Interpreting formula errors
If the tester returns an error rather than a numeric result, check the following:
| Error type | Likely cause | Fix |
|---|---|---|
Unknown variable | A variable name is misspelled in the formula | Check spelling against the variable reference table in Create an Incentive Scheme |
Division by zero | The formula divides by a variable that is currently zero | Add a zero-check conditional: variable > 0 ? formula : 0 |
Syntax error | A bracket is unclosed, an operator is missing, or a function is malformed | Review the formula for mismatched parentheses or missing operators |
Unexpected result: negative number | The formula subtracts more than it adds for this scenario | Add max(0, formula) to prevent negative outputs |
After testing: next steps
Once the formula behaves as expected across all scenarios, the scheme is ready to assign.
- If the scheme is already saved, go to Settings → Incentives, select the scheme, and click Assign to Locations. See Assign Incentive Schemes.
- If you are still in the creation flow, click Save and then proceed to assignment.
You do not need to keep the tester open or save a test session. The tester is a verification tool only — test results are not stored or attached to the scheme record.
Common questions
Does the Formula Tester use real technician data? No. The tester uses only the values you enter manually. It does not pull live data from any technician’s actual performance record. This keeps testing safe — you can experiment with any values without affecting live reports or calculations.
Can I save a test scenario to run again later? Not currently. The tester does not have a saved-scenario feature.
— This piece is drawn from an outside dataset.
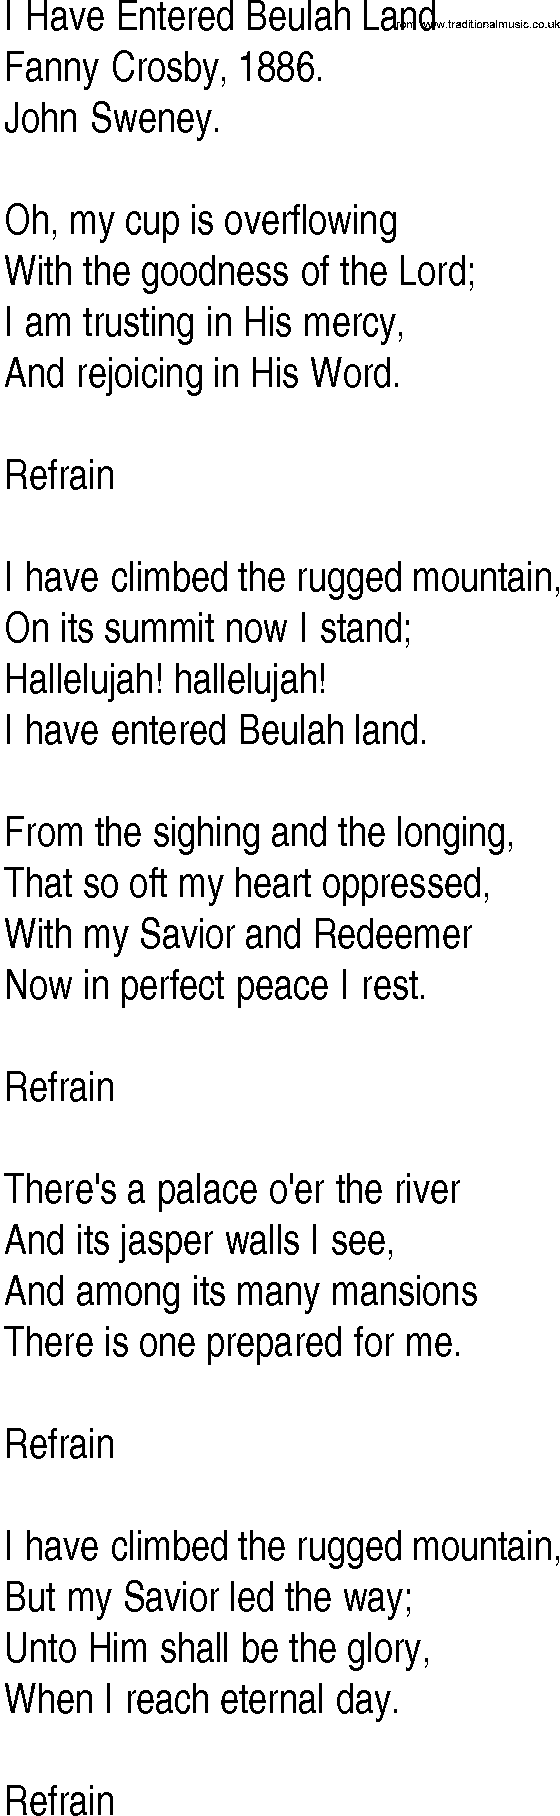 Hymn and Gospel Song: I Have Entered Beulah Land by Fanny Crosby lyrics

If you regularly verify a scheme against a fixed set of benchmark values, keep a note of your test scenarios in your scheme’s name or description field for reference.
The formula works correctly in the tester but produces unexpected results in the actual report. Why? The most common cause is a difference between the values you tested with and the actual values recorded for the technician in that period. Pull up the technician’s report for the period, note their exact values for each variable, and run the formula manually in the tester with those precise numbers. If the tester then matches the report output, the formula is working correctly — the unexpected result was due to actual performance data being different from your test assumptions.
Can I test a formula before saving the scheme? Yes. The Formula Tester is available within the creation flow before you save. You can test and refine the formula during creation without committing it to the scheme list.
Our formula uses a conditional threshold (e.g., jobs_completed >= 6). How do I verify the threshold boundary?
Test at exactly the threshold value, one below it, and one above it. For the example above, test with Jobs Completed set to 5, 6, and 7. Confirm that the formula applies the correct branch at each boundary. Off-by-one errors in thresholds are common and easy to miss if you only test values well above or well below the threshold.